A very, very valuable tool from Google!

First of all .. what is a n-gram?

According to wikipedia:

In the fields of computational linguistics and probability, an n-gram is a contiguous sequence of n items from a given sequence of text or speech. An n-gram could be any combination of letters. However, the items in question can be phonemes, syllables, letters, words or base pairs according to the application. The n-grams typically are collected from a text or speech corpus.

So basically, a word is an  n-gram of size 1 (or unigram)  while "I am" is an n-gram of size 2 (or  bigram), "the view is awesome" is an ngram of size 4 and so on...

Now that you know what a ngram is let's see what Google Ngram can do for us.
When you enter phrases into the Google Books Ngram Viewer, it displays a graph showing how those phrases (the ngrams)  have occurred in a corpus of books in the selected language (British, French, Italian, German, Spanish etc ) over the selected years (usually 1800-2008).  And you can make comparisons among different ngrams!
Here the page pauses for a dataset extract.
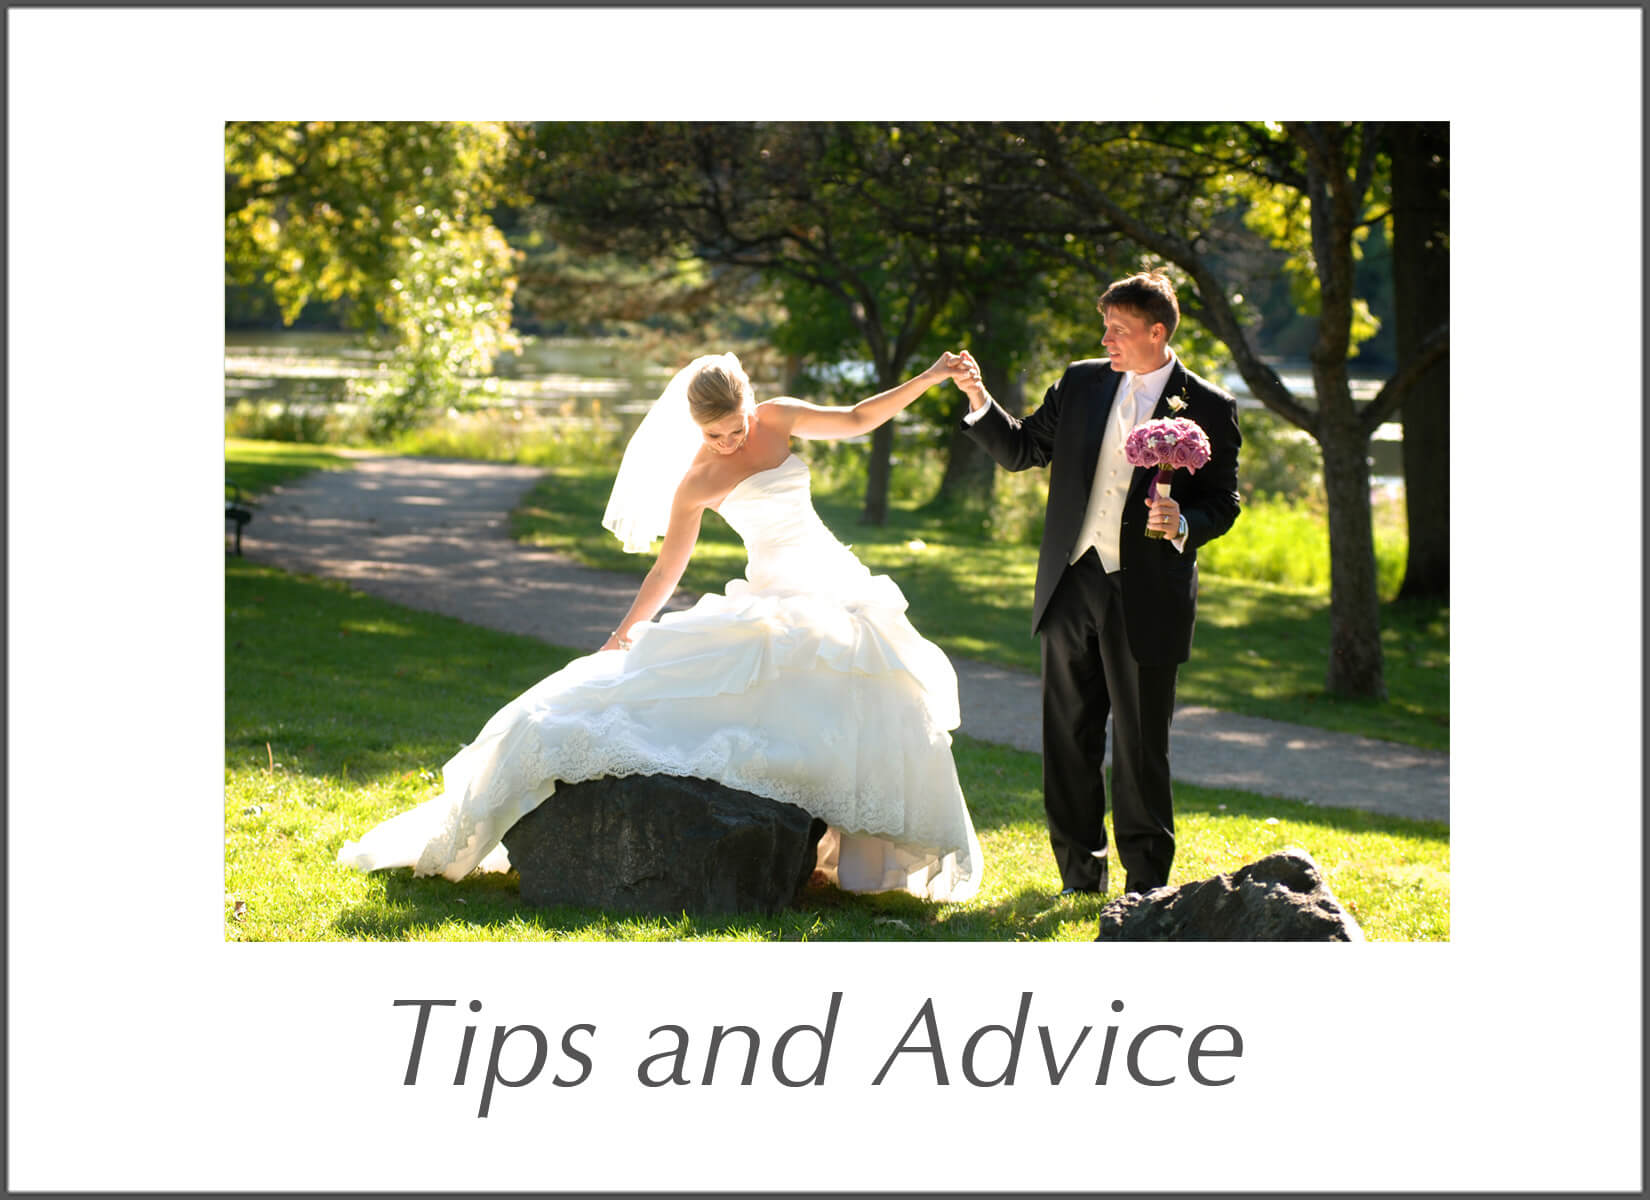 Looking for great wedding day tips so you can have a smooth wedding day?

Just take a moment and think how cool it is!

You can see the popularity of some characters like "Albert Einstein" vs "Sherlock Holmes" between 1800 and 2008. So just enter in the CASE SENSITIVE research field:

Albert Einstein, Sherlock Holmes

Or you can check the occurrence of awesomeness in the published works (any reference to Barney Stinson is purely fictional!)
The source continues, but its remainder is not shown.